The melted ice is held in a small tank under the grates and there is a pump that takes the water from this tank and pumps it out the hose to be drained. This way you don't have to have the drain plumbed anywhere during use and can either drain into a bucket or if you have a drain handy then right into that.


----------



## ryanswiftjoyner (Jan 30, 2012)

Morte615 said:


> There is a 3 position switch located on the back. The middle position should turn the pump off, and the other two turn it on, and have it on auto (I don't remember which is which though).
> The melted ice is held in a small tank under the grates and there is a pump that takes the water from this tank and pumps it out the hose to be drained. This way you don't have to have the drain plumbed anywhere during use and can either drain into a bucket or if you have a drain handy then right into that.


 
Perfect! I will do that and get back with the results


----------



## ryanswiftjoyner (Feb 1, 2012)

Awesome, sound went away. It was the water pump that was creating the noise.

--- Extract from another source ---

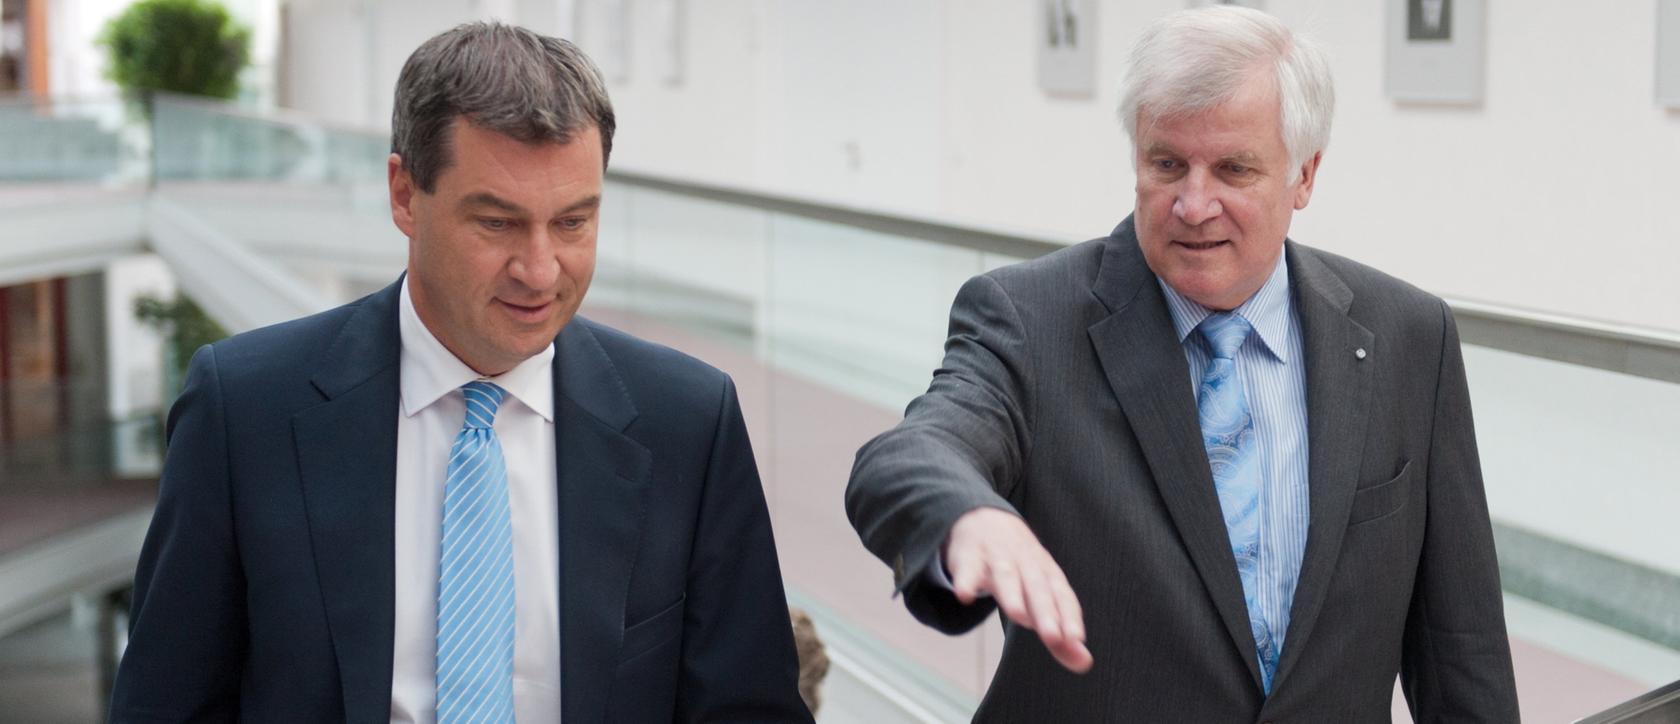 Markus Söder und Horst Seehofer: Ein Viertel aller CSU-Mitglieder will keinen von ihnen als Ministerpräsidenten.

Now we just have to be careful to not let the water level get to the point where it is spilling out the front of the fogger, haha.


----------



## Morte615 (Feb 1, 2012)

Yeah when those pumps are running dry they get pretty loud! What we did over the summer was we would run it for 3 shows and drain it after every show (30 min Amusement Park shows) and they would usually take less than 5 min to drain. As I said before the 3 position switch also has an auto position. This should run the pump only when the water reaches a certain level in the tank, and SHOULD shut off itself before running dry. Though we had problems with one machine that would keep running even when on Auto and the tank was dry.


----------



## venuetech (Feb 1, 2012)

The pump does run quiet when there is water being pumped. I normally run it in the "auto" position, the noise issue does not come up. as it just quietly pumps for a few seconds.


----------